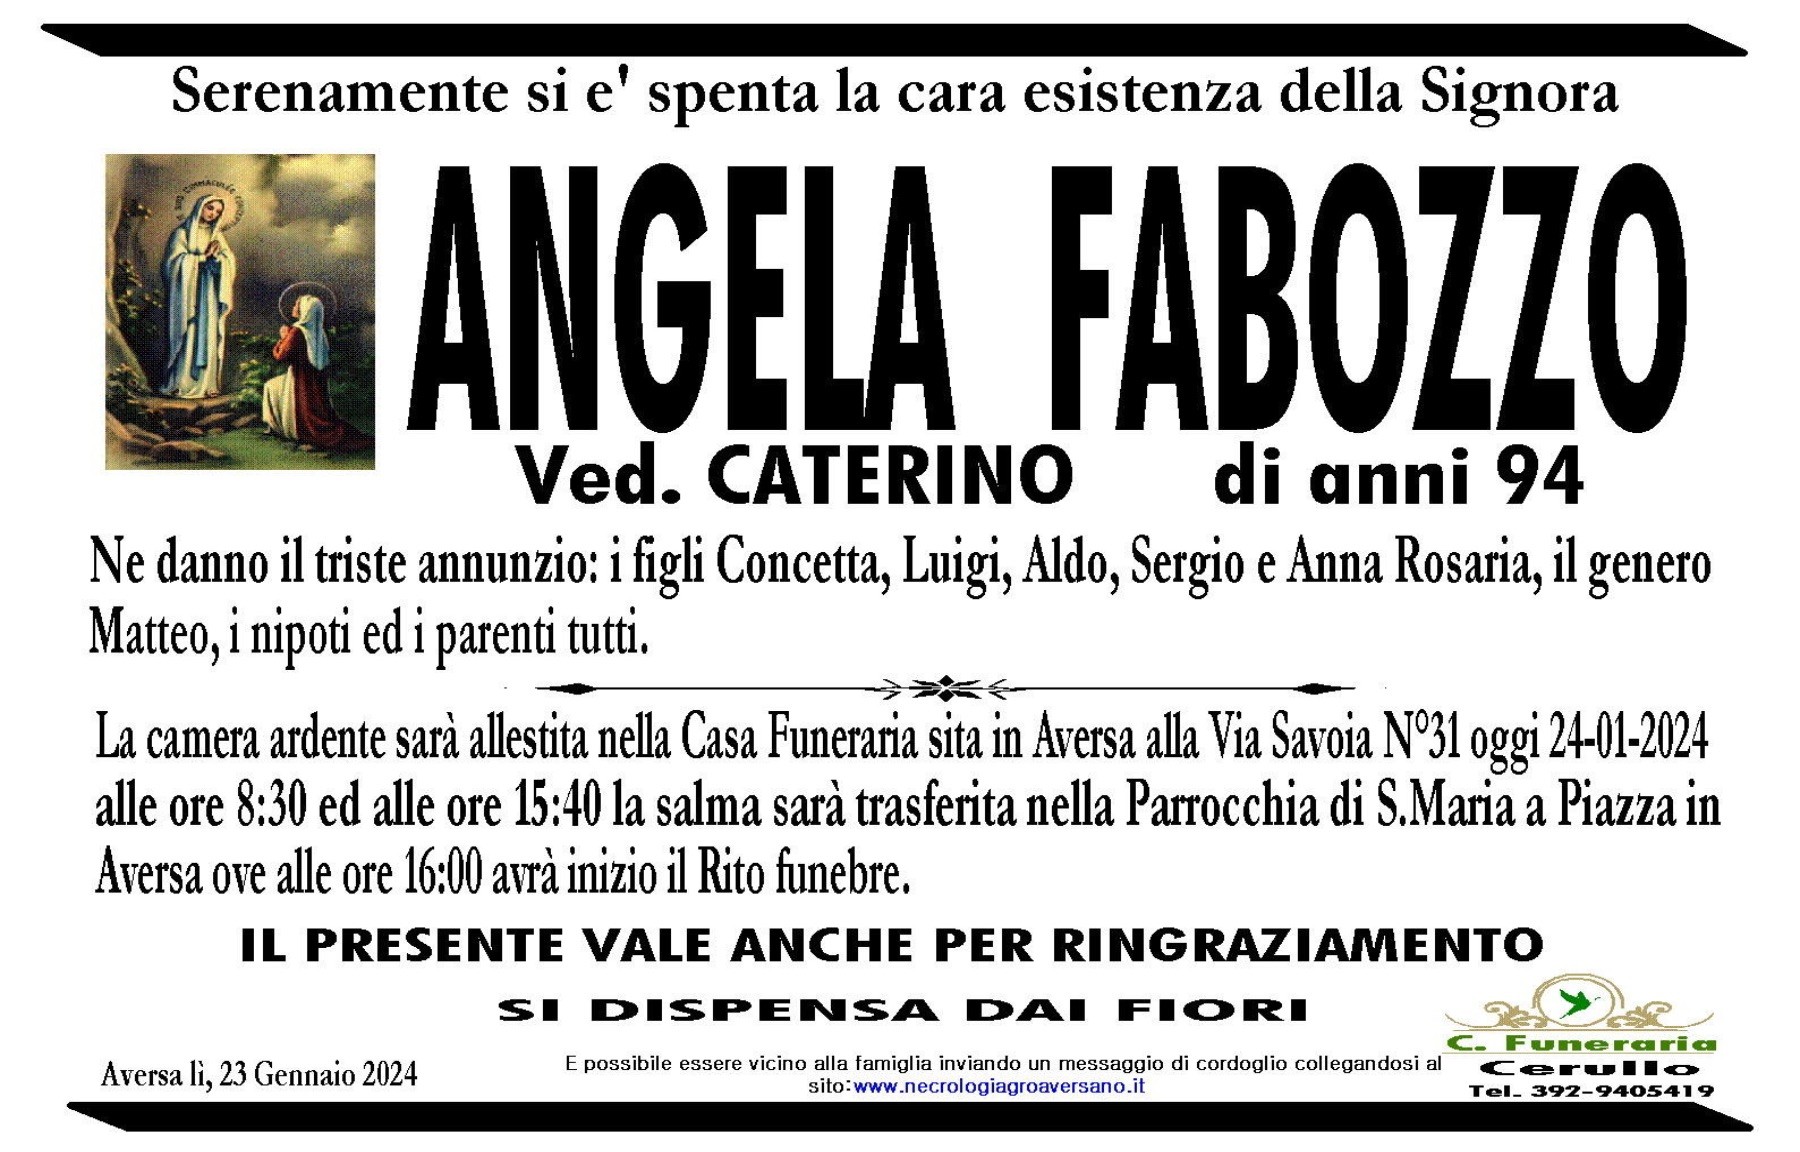 Angela Fabozzo
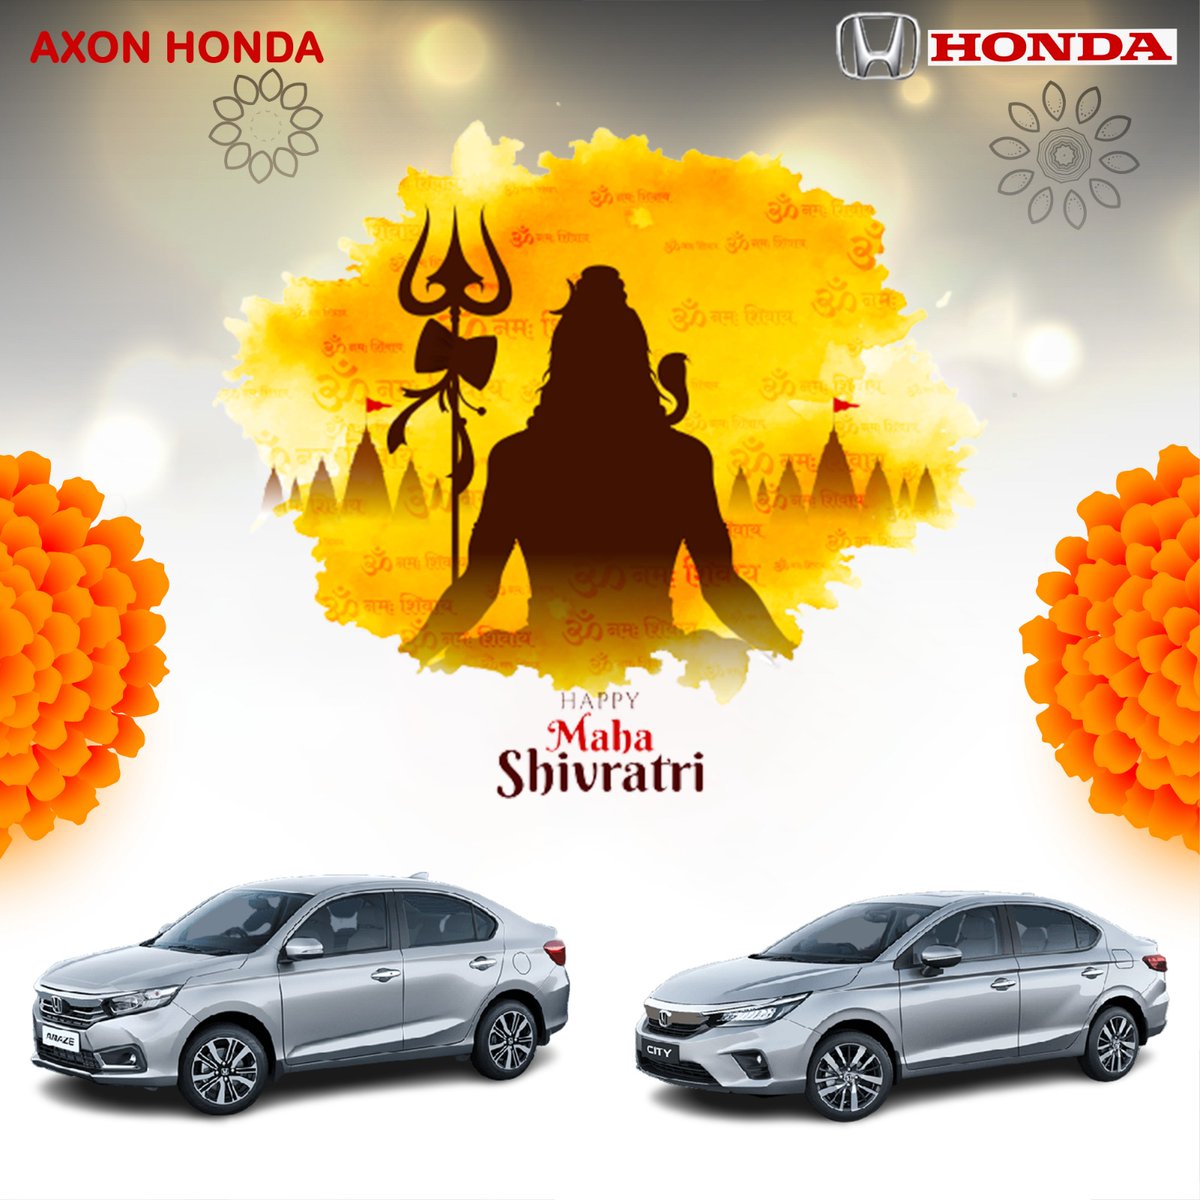 Axon Honda wishes you a blessed Maha Shivratri. #MahaShivaratri #mahashivratri2023 #festival #crownhonda #newcar #honda #hondacars #hondacarsindia #hondaindia #hondacity #hondaamaze #ghaziabaddiaries #instagood #instagram #instalike #instamood #instalove  #newcar #hondaassure
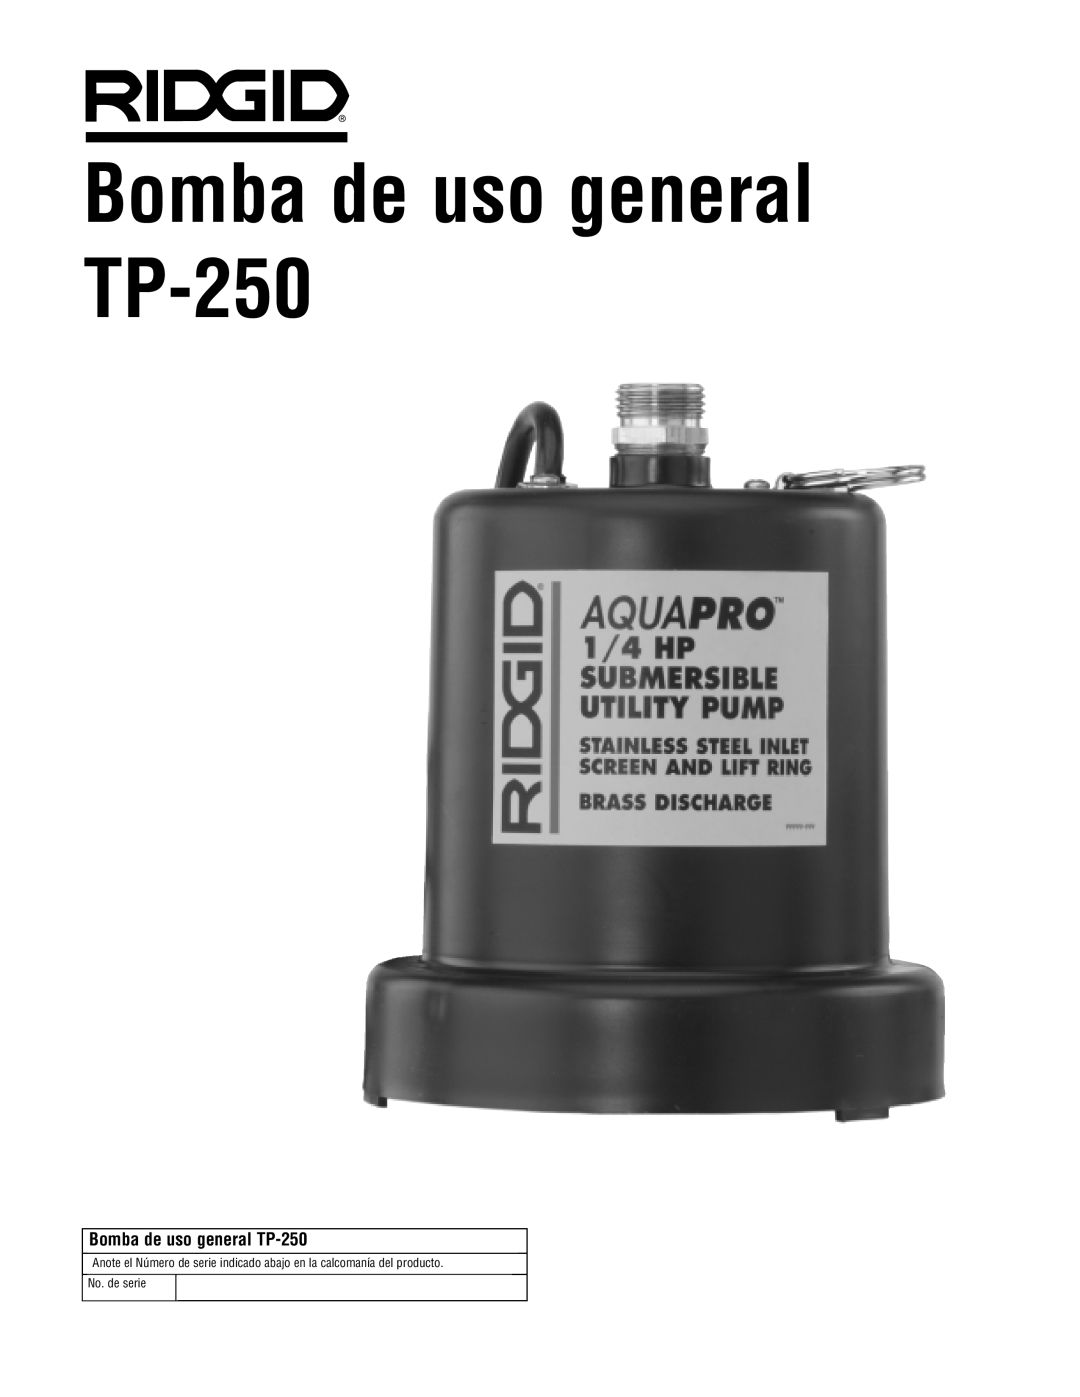 RIDGID manual Bomba de uso general TP-250 
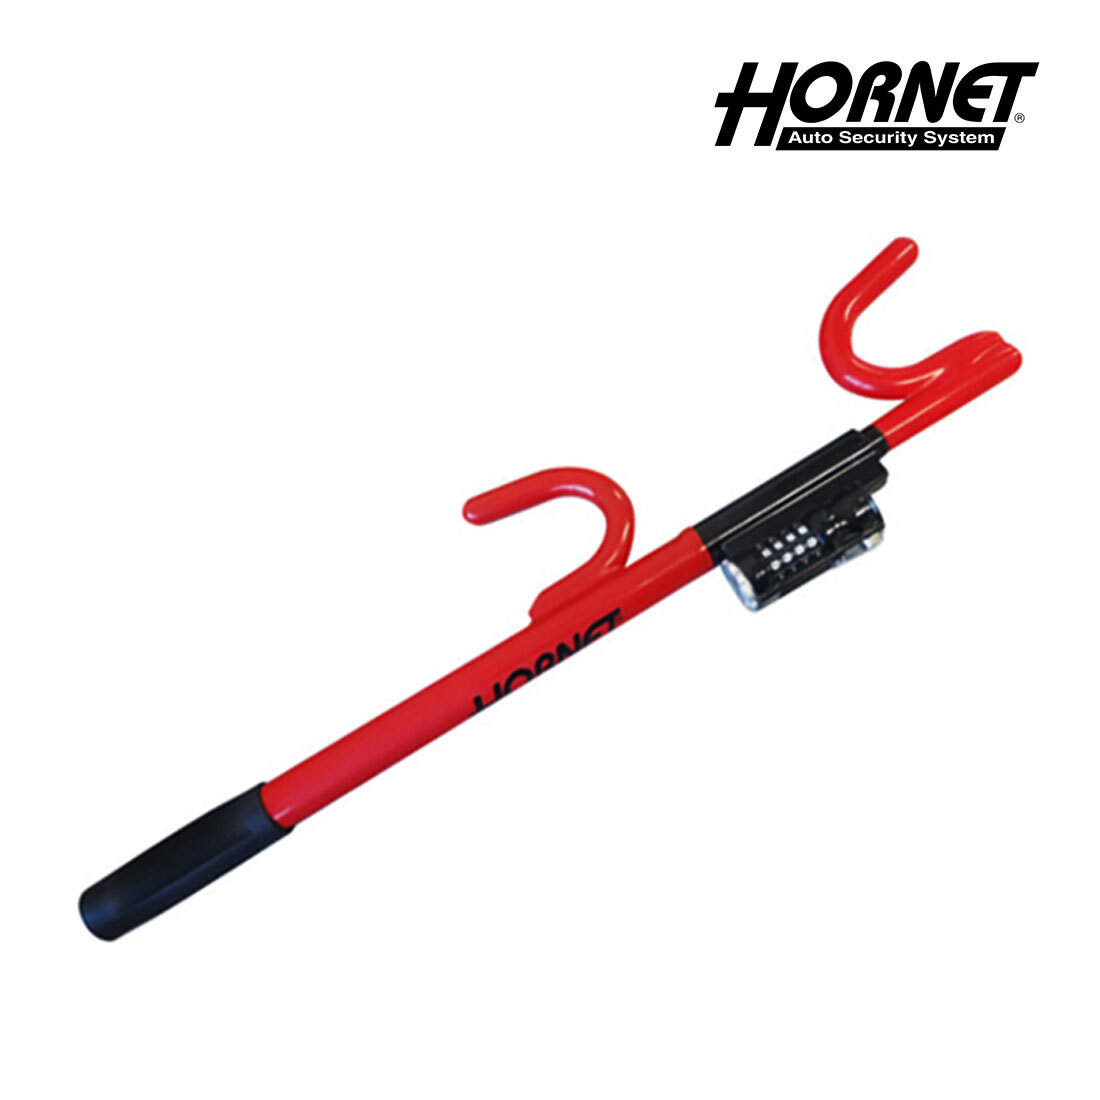 HORNET Hornet steering wheel lock steering gear lock LH-11R dial key red automobile theft countermeasure anti-theft 
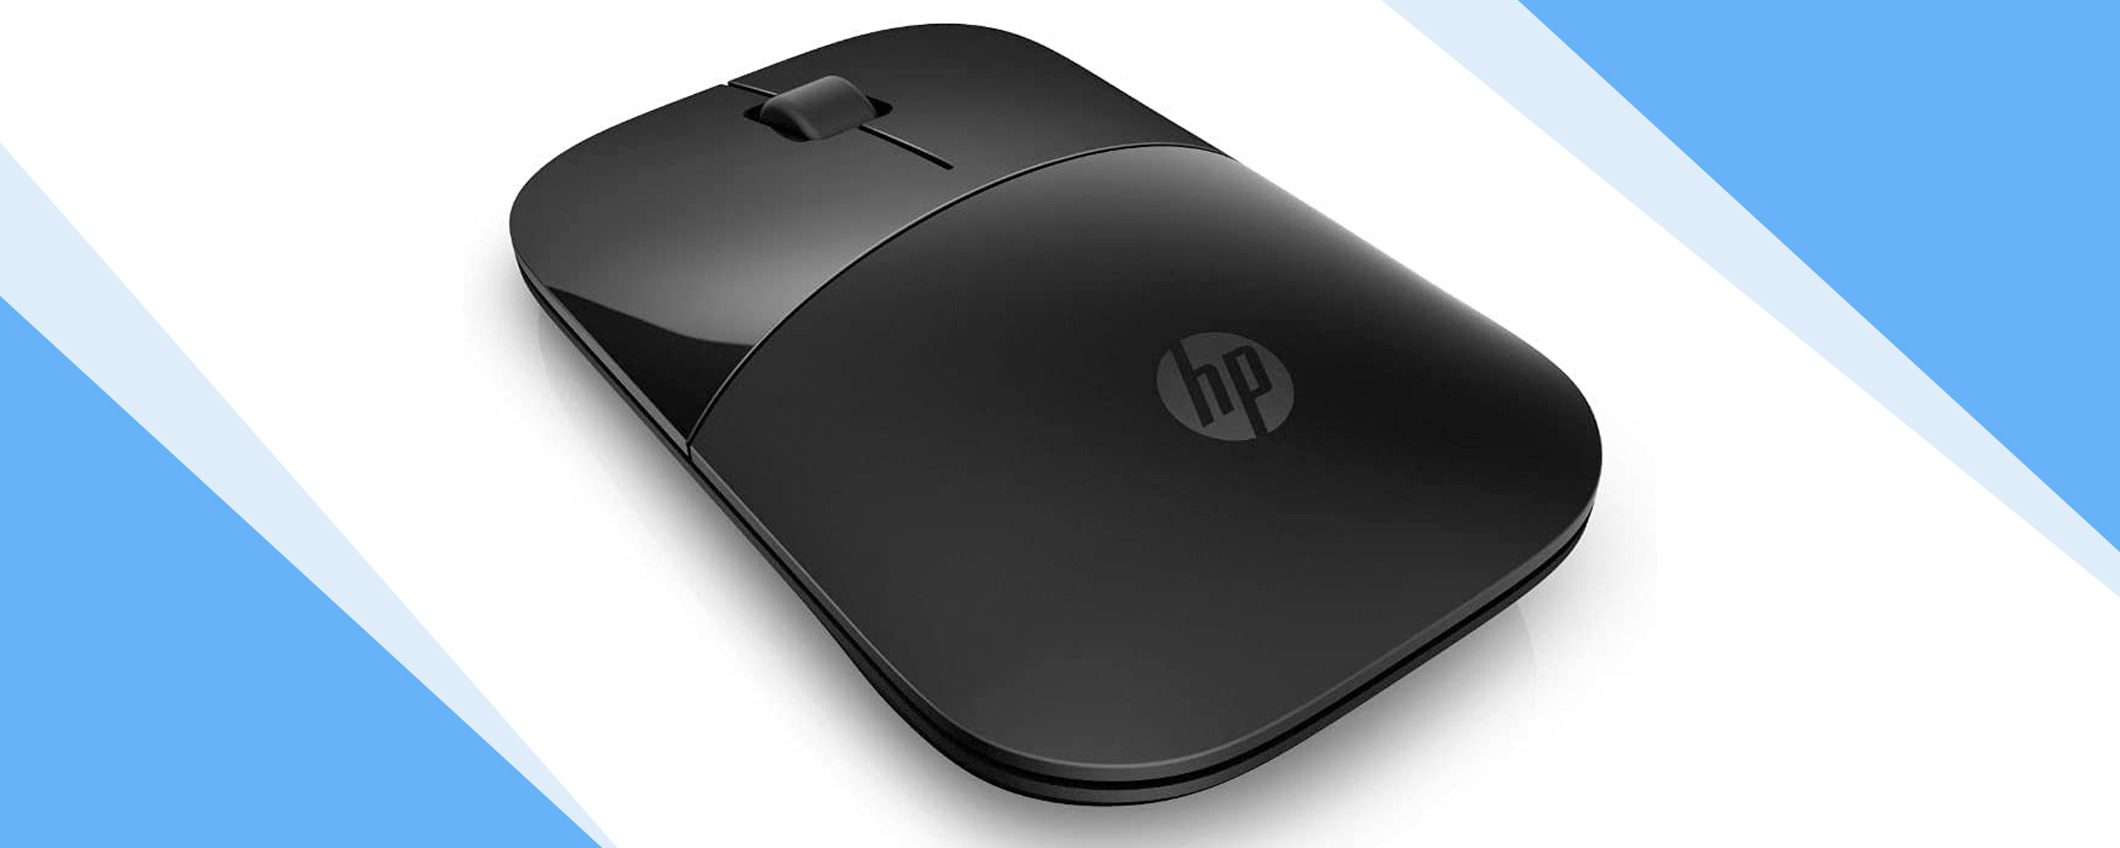 HP Z3700: ottimo mouse wireless, sconto 44%
────────────────────
__TO DO__: Pictures do not belong in the copy. Reproduce the rest of the data exactly.

__TASK ANSWER__:
 Angela Fabozzo
 Axon Honda wishes you a blessed Maha Shivratri. #MahaShivaratri #mahashivratri2023 #festival #crownhonda #newcar #honda #hondacars #hondacarsindia #hondaindia #hondacity #hondaamaze #ghaziabaddiaries #instagood #instagram #instalike #instamood #instalove  #newcar #hondaassure
 RIDGID manual Bomba de uso general TP-250 
 HORNET Hornet steering wheel lock steering gear lock LH-11R dial key red automobile theft countermeasure anti-theft 
 HP Z3700: ottimo mouse wireless, sconto 44%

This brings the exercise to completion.